PROBLEM. An exact copy is needed of the lines from the one that contains "Mount Hood Contours White Framed Poster" through the final line of the data below, with pictures left out.
── STORED DATA ──
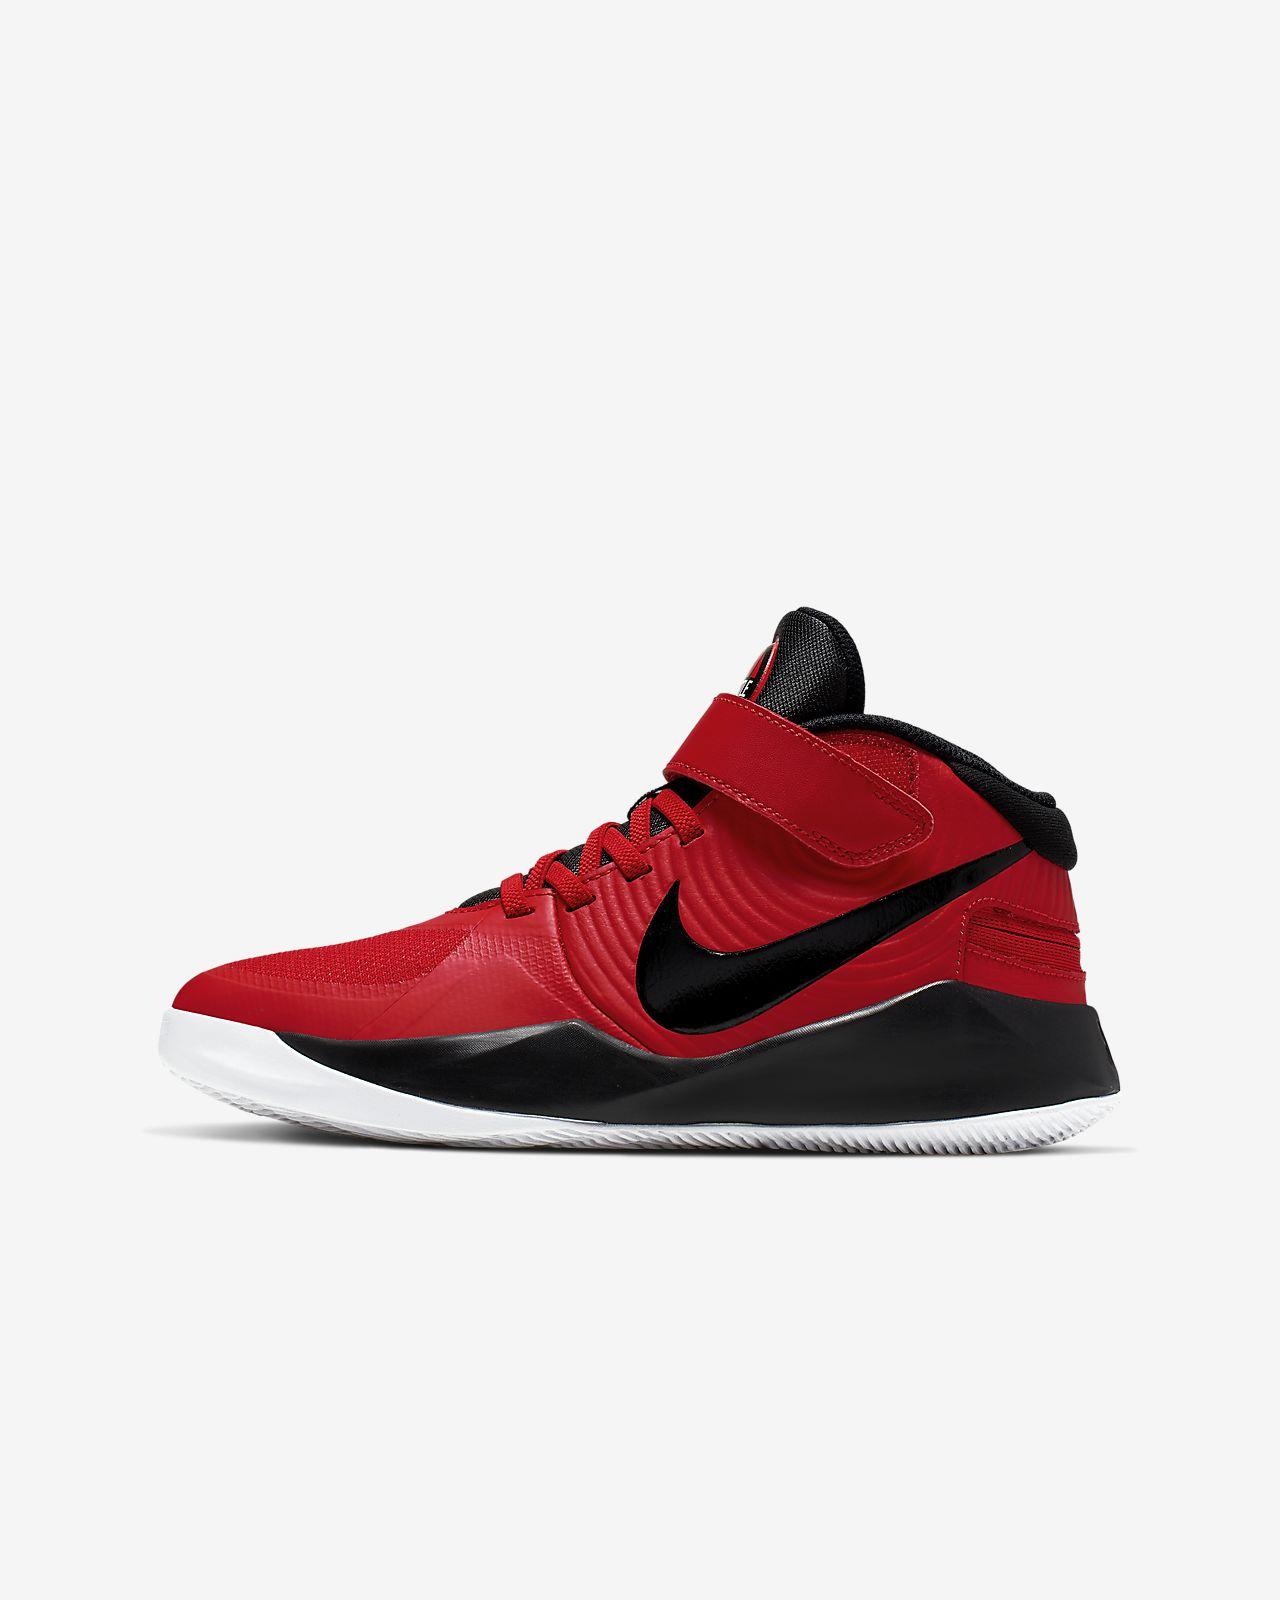 Nike Team Hustle D 9 FlyEase Older Kids' Basketball Shoe
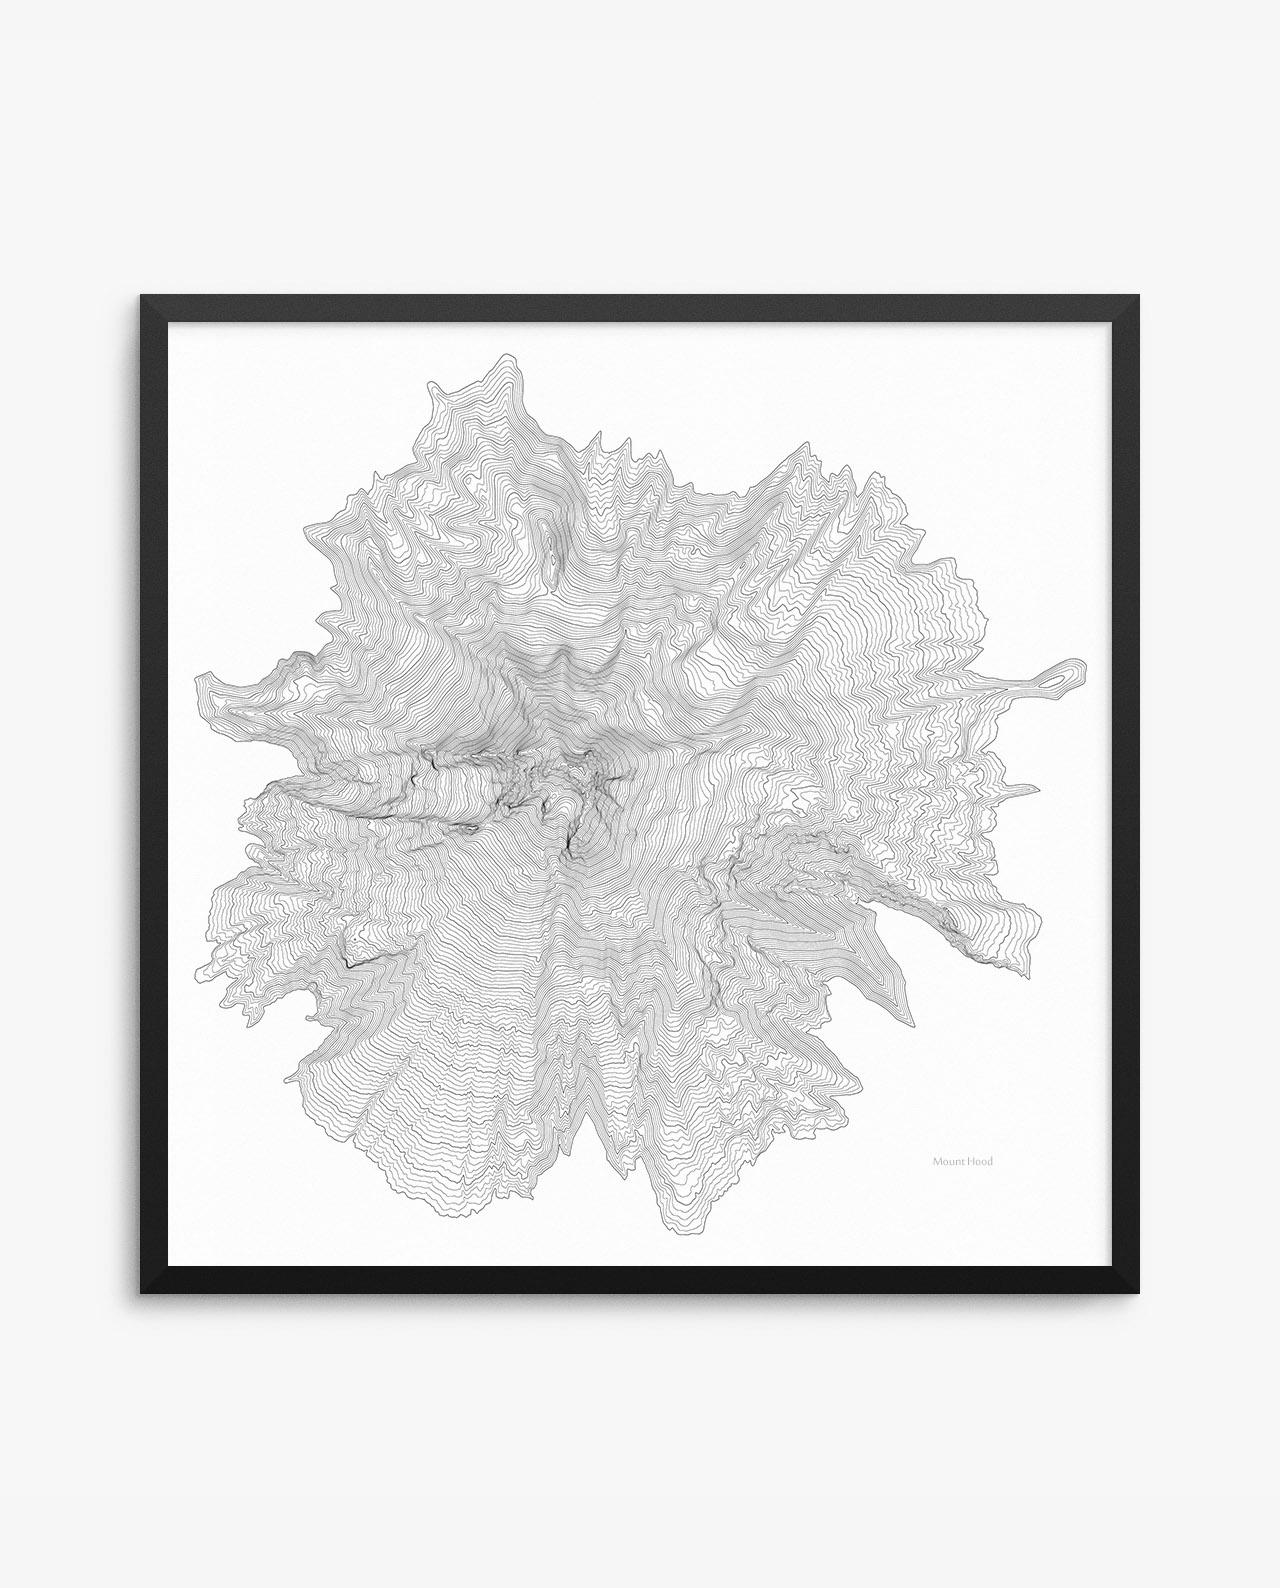 Mount Hood Contours White Framed Poster
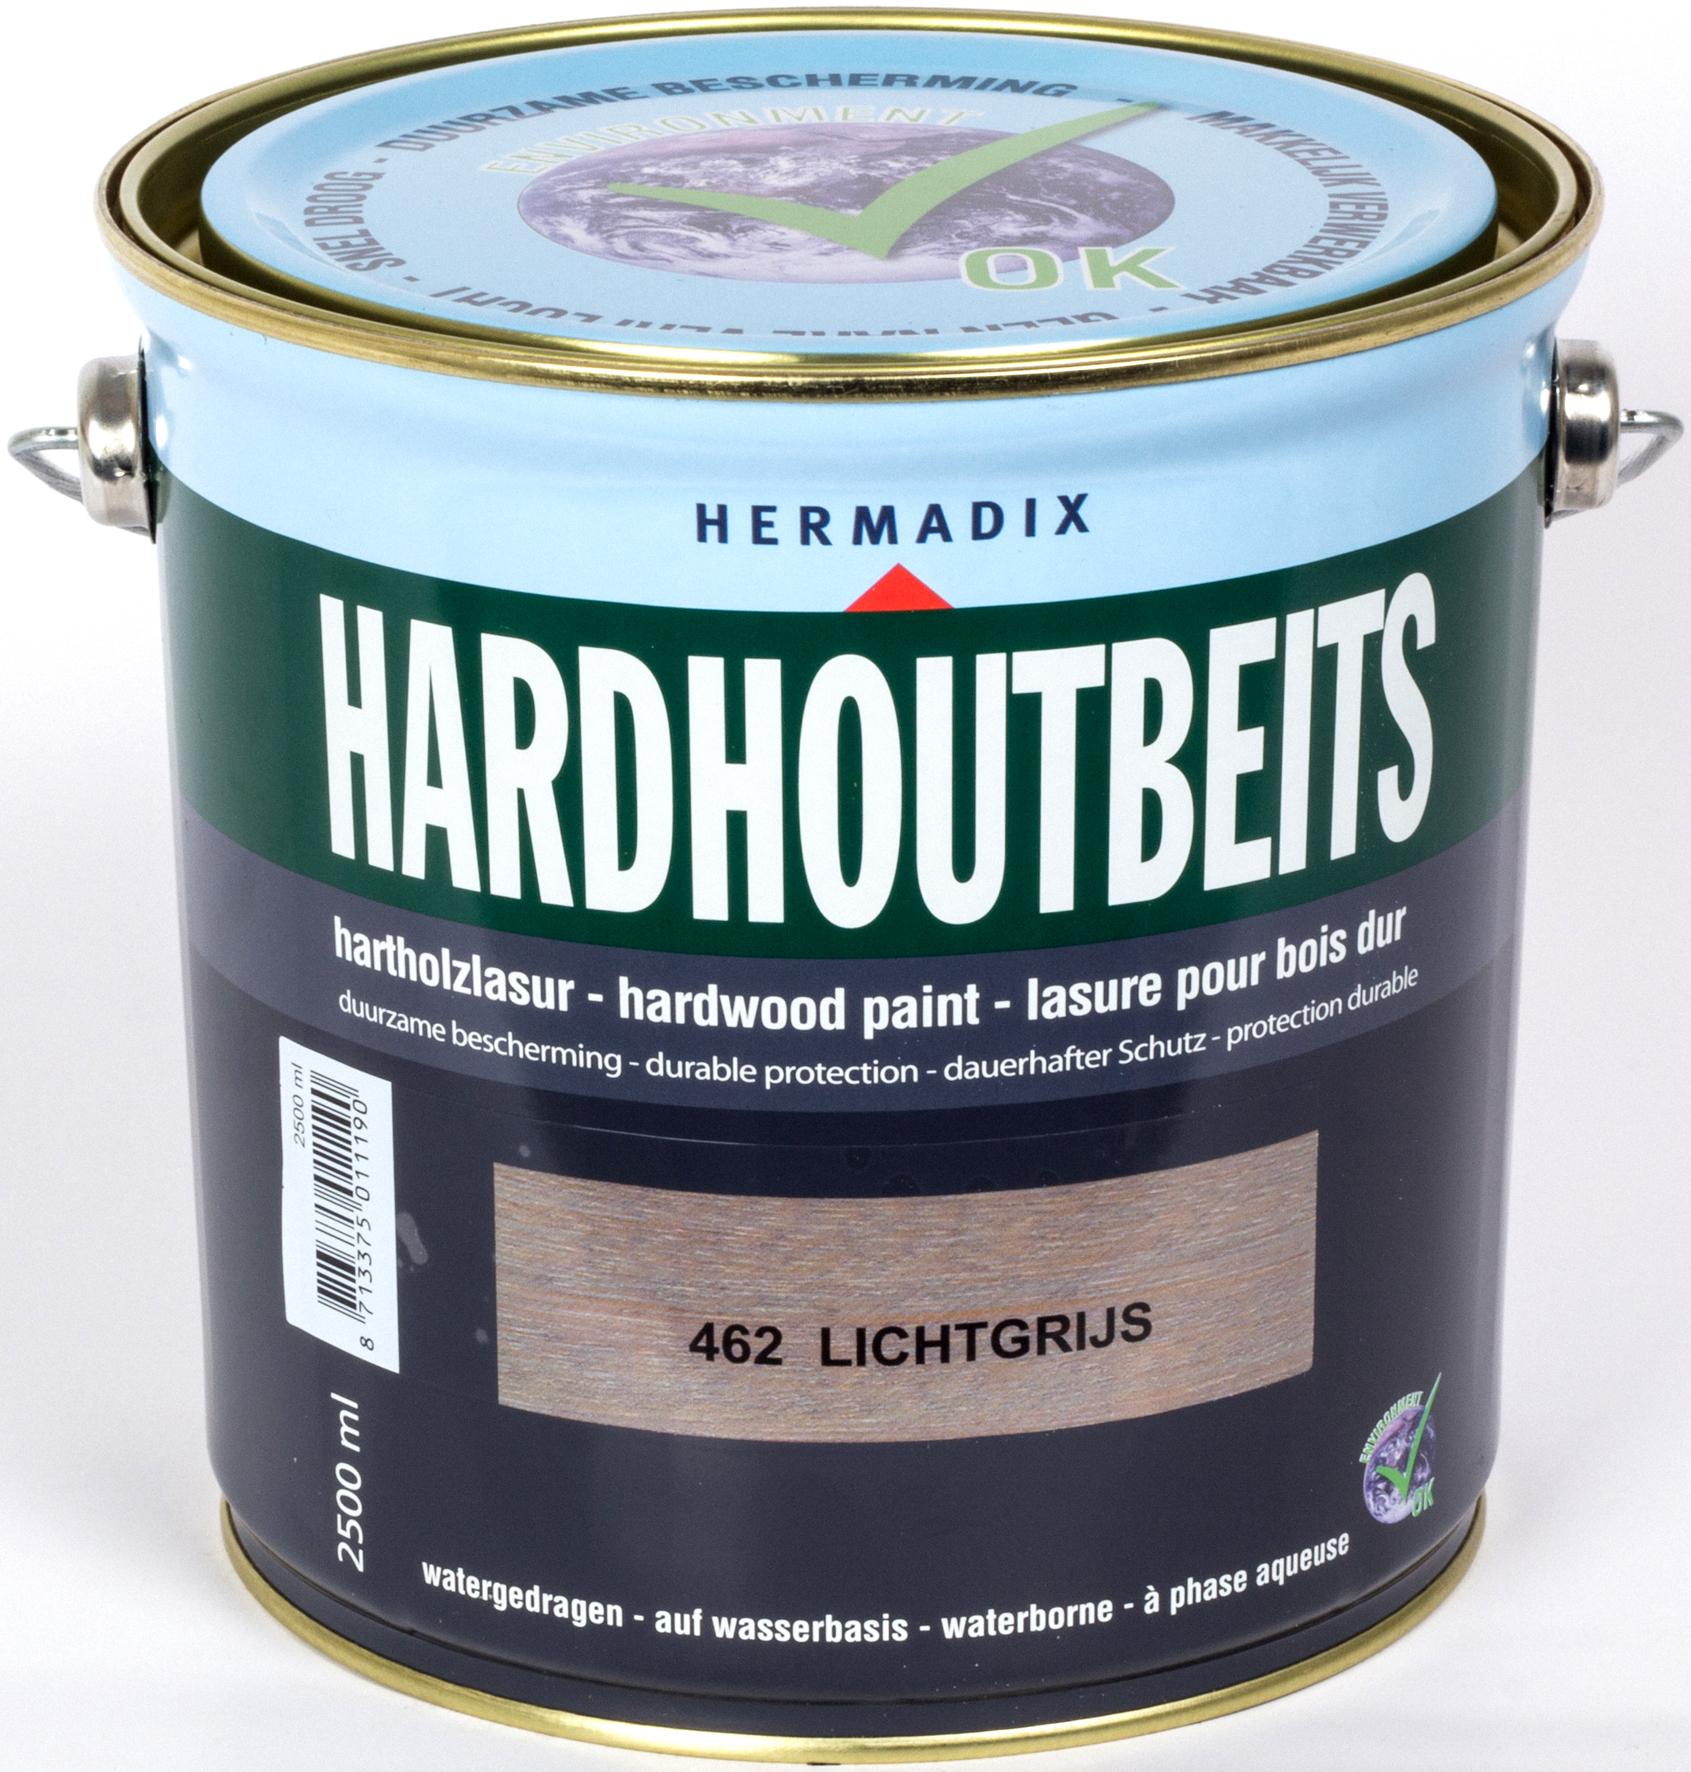 Hermadix | Hardhoutbeits 462 Licht Grijs | 750 ml
───
RESULT.
 Mount Hood Contours White Framed Poster
 Hermadix | Hardhoutbeits 462 Licht Grijs | 750 ml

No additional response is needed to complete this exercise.